The war on solstice has been underway for millennia. Partisans of solstice are fighting back.
I am not referring to the astronomical event. With the winter solstice, of course, we experience the longest night and the shortest day, and afterward, the days grow longer until the summer solstice arrives, and then grows shorter, until the next winter solstice. I am referring, instead, to solstice as a cultural phenomenon, to the ways it is celebrated, contested and invested with meaning.
For millennia, the cultural observance of solstice has involved religious beliefs and practices rooted in seasonal cycles and focused on nature as the source of existence, and sometimes also, related to creative divine beings. But cultures deeply conditioned by Judaism, Christianity and Islam (the 'Abrahamic' religions that trace their origins to the prophet Abraham) have viewed such perceptions as idolatrous and dangerous. Nature-based religions, the West's religious mainstreams have generally contended, can lead people away from the one true God. Those involved with them should be converted, and if necessary, suppressed, for they are both spiritually and socially dangerous.
Efforts to suppress nature-based beliefs and practices have been tremendously successful. Temples associated with pagan folkways, natural cycles such as the solstices and equinoxes, or celebrating fertility and rebirth, have been physically razed and invested with meanings supportive of monotheistic belief. Those who believe that there are spiritual beings or forces in nature have been denigrated as primitive and superstitious. Attacks by more powerful individuals and groups have led many to abandon nature-based spiritual traditions.
Nevertheless, for several centuries in the West, there has been a gradual resurgence of such spiritualities, although these are often appearing in new, more modern forms. In recent decades, this trend has been gathering momentum. While some involved in contemporary nature spiritualities believe the natural world is full of spiritual presences, or that god or other divine beings are behind it all, many profess no such belief. For them, one can be agnostic or atheistic while expressing awe and wonder in the face of the mysteries of the universe and a deep appreciation for the 'miracle' of life. With contemporary nature spirituality, both sensory experience in nature and scientific understandings foster a belief that nature is sacred and that all life deserves respect if not also reverence. 'The Symphony of Science' offers one creative example of how such spirituality can be expressed in music videos.

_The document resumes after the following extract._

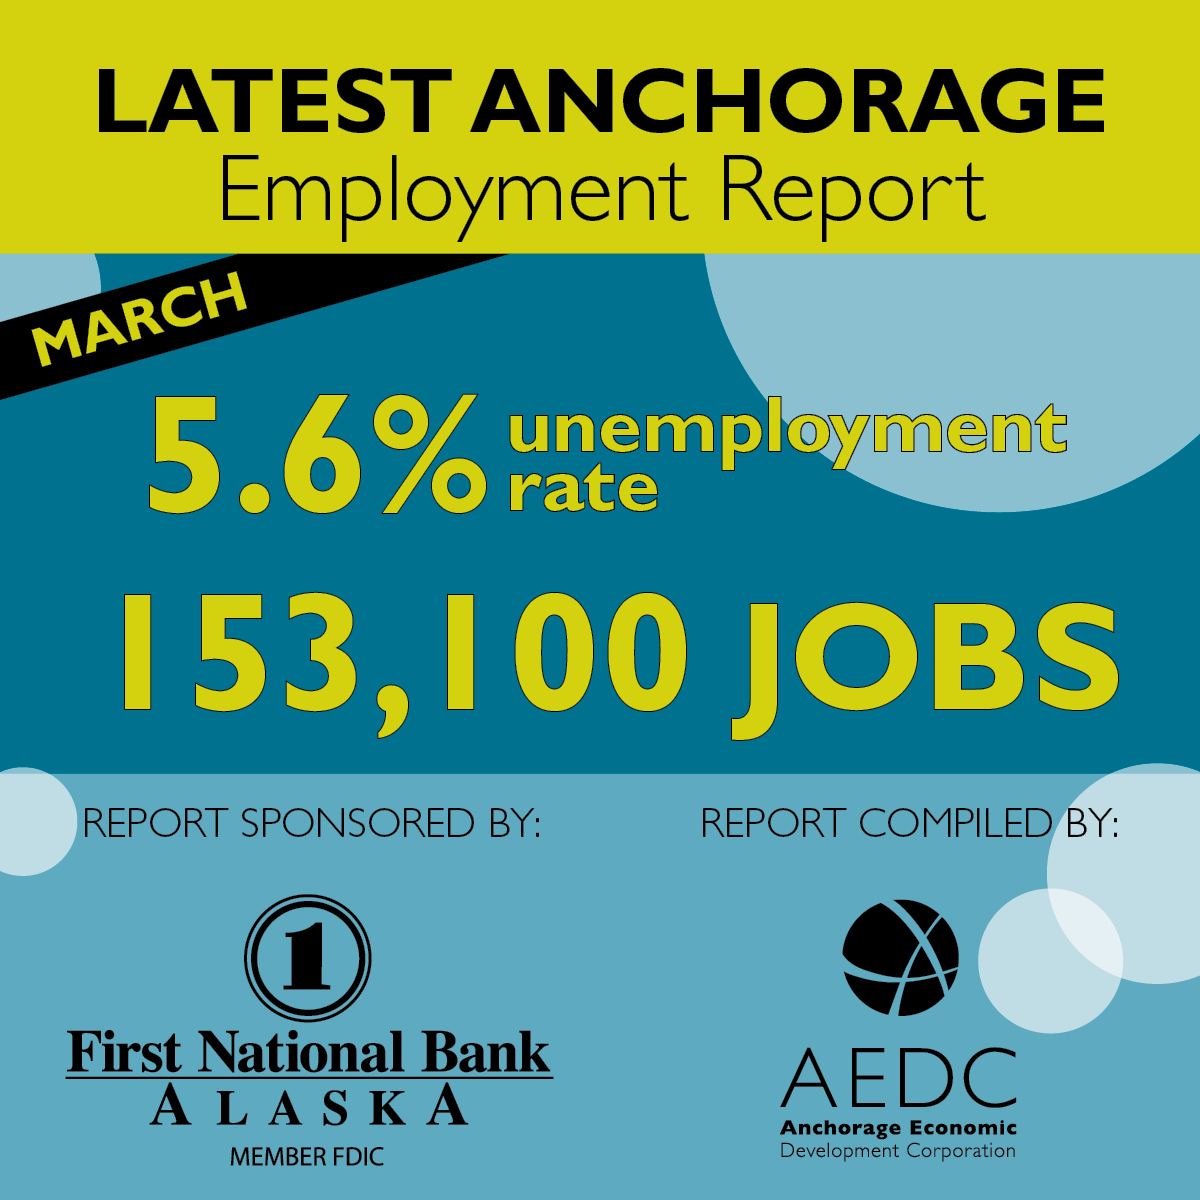 Anchorage Employment Report: Second Edition 2015

For conservatives involved in the West's predominant religions, these are unwelcome developments. Progressives may ridicule those who claim that there is now a cultural "War on Christmas" but Christian conservatives do have reason to worry. They know that their cultural influence has been waning, and that those with evolutionary and ecological worldviews are growing in number and influence. A DVD series released by a group of conservative Christians entitled "Resisting the Green Dragon," provides one recent example of such fears. These fears are based on an accurate perception that there is a religious dimension to much environmentalism. Those expressing such fears understand, accurately, that those engaged in nature-based spiritualities, both overtly and in subtle ways, are converting many to an evolutionary worldview and an environmentalist spirituality and ethics. They know that this is one reason they are having trouble even keeping their own children in the fold.
In this light it is more understandable why some Christians find it disturbing when people express their holiday wishes not with "Merry Christmas" but with "Happy Holidays" or "Season's Greetings." Such greetings acknowledge the nation's increasing religious pluralism and they are often motivated by a polite desire not to presume that everyone is Christian. But for some, it is also an unpleasant reminder of the declining power of the religion they believe to be both true and a pathway to salvation.
Although it is not as common as Happy Holidays, today "Happy Solstice" is increasingly used as a yuletide greeting. This is more than an expression of holiday cheer -- it also conveys an alternative identity and an earthly spirituality in which nature itself is implicitly understood to be sacred. It is just one example the increasingly assertive forms that nature spirituality is assuming as it gains traction globally. Those offering such blessings may also invite loved ones to solstice celebrations that consecrate the natural cycles of the universe, while also expressing kinship with and reverence for all life.
Observers of contemporary religion know that it is not only possible to integrate contemporary evolutionary and ecological understandings with theistic beliefs, but that this is increasingly done, and in a variety of creative and sincere ways. Nevertheless, the epic battle between those who consider God and the sacred to be above and beyond the world, and those who consider it to be here and everywhere, is unlikely to end anytime soon. Indeed, as I argued in Dark Green Religion: Nature Spirituality and the Planetary Future, in the 150 years since Darwin's On the Origin of Species was published, it is now possible to see that the momentum has shifted toward more naturalistic spiritualities. This momentum will not likely be reversed.
Happy Solstice! Or is it? The answer will depend on where the sacred is in your mind and heart.